Honestly, I probably wouldn’t have been drawn to this book if not for Ed Brubaker’s involvement in the series as one of its co-writers (in fact, I only heard about it while searching my local public library for anything he’d done).

For starters, I’m not a huge police procedural fan; they’re entertaining, but they don’t draw me in. And frankly, I’m not sure that I care what the GCPD are up to. There are plenty of cop stories… what makes this one special?

“Meet Gotham’s Finest”, the book says.

Meh.

Well, Brubaker and Rucka were about to prove their worth.

The book begins with a two-parter about two cops who follow a weak lead in a kidnapping case and stumble upon Mr. Freeze. One guy gets frozen and shattered into pieces, while his partner is forced to watch, hands frozen together.

Naturally, the cops want to find Freeze, but they decide to keep the investigation in-house – to not involve Batman. They eventually figure out what Freeze is up to – but it’s bigger than them, so they relent and call in the Bat.

The second story involves Firebug, and it actually ties into the kidnapping case that started the book, as our survivor gets a new partner and they start putting the pieces together, discovering that the kidnapping may be something else.

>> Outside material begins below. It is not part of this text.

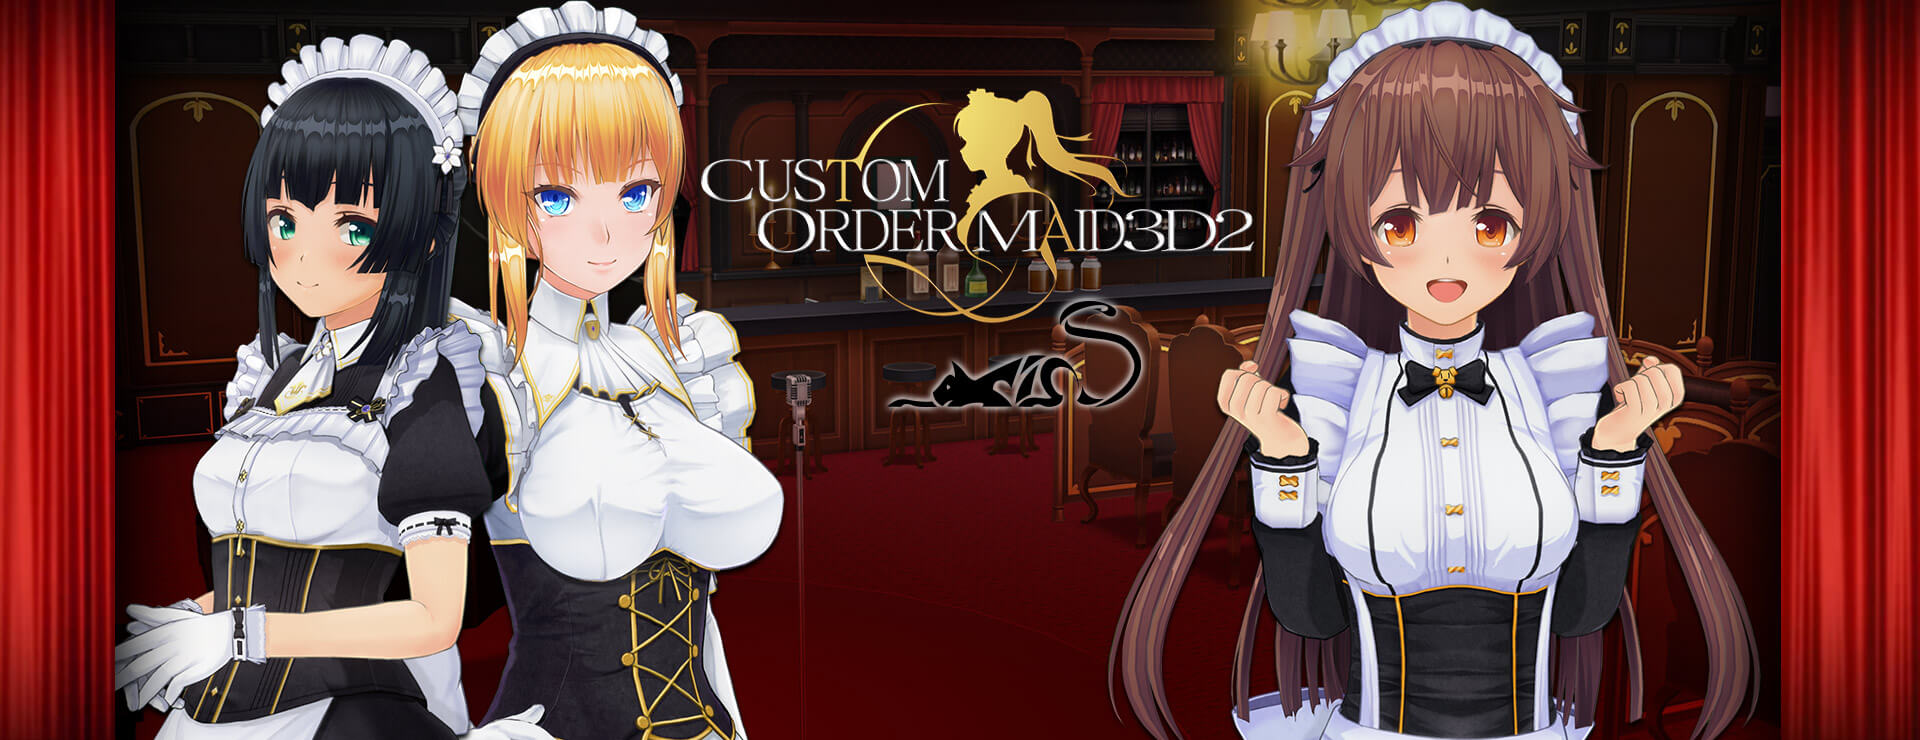 Custom Order Maid 3D2 GP 01 (DLC) - Action Aventure Jeu

Since it’s a three-parter, and because aspects of it had already been touched upon in the first two books, this one felt more fleshed out, more complete. It’s still a police procedural, and some of it was predictable, but it was a fairly good read.

I really do like the concept, I must say: approaching Gotham’s underworld from the other side, not from Batman or the villains’ perspective is kind of cool; it fleshes out one’s understanding. Those who like cop stories will no doubt enjoy this.

I should have known that Brubaker (and Rucka) would find a way to make gritty crime stories set in Gotham worth reading. I’m no great fan of his superhero books, but his noir and other less mainstream works are superior to most writers’ works.

So it follows that ‘Gotham Central’ is no exception.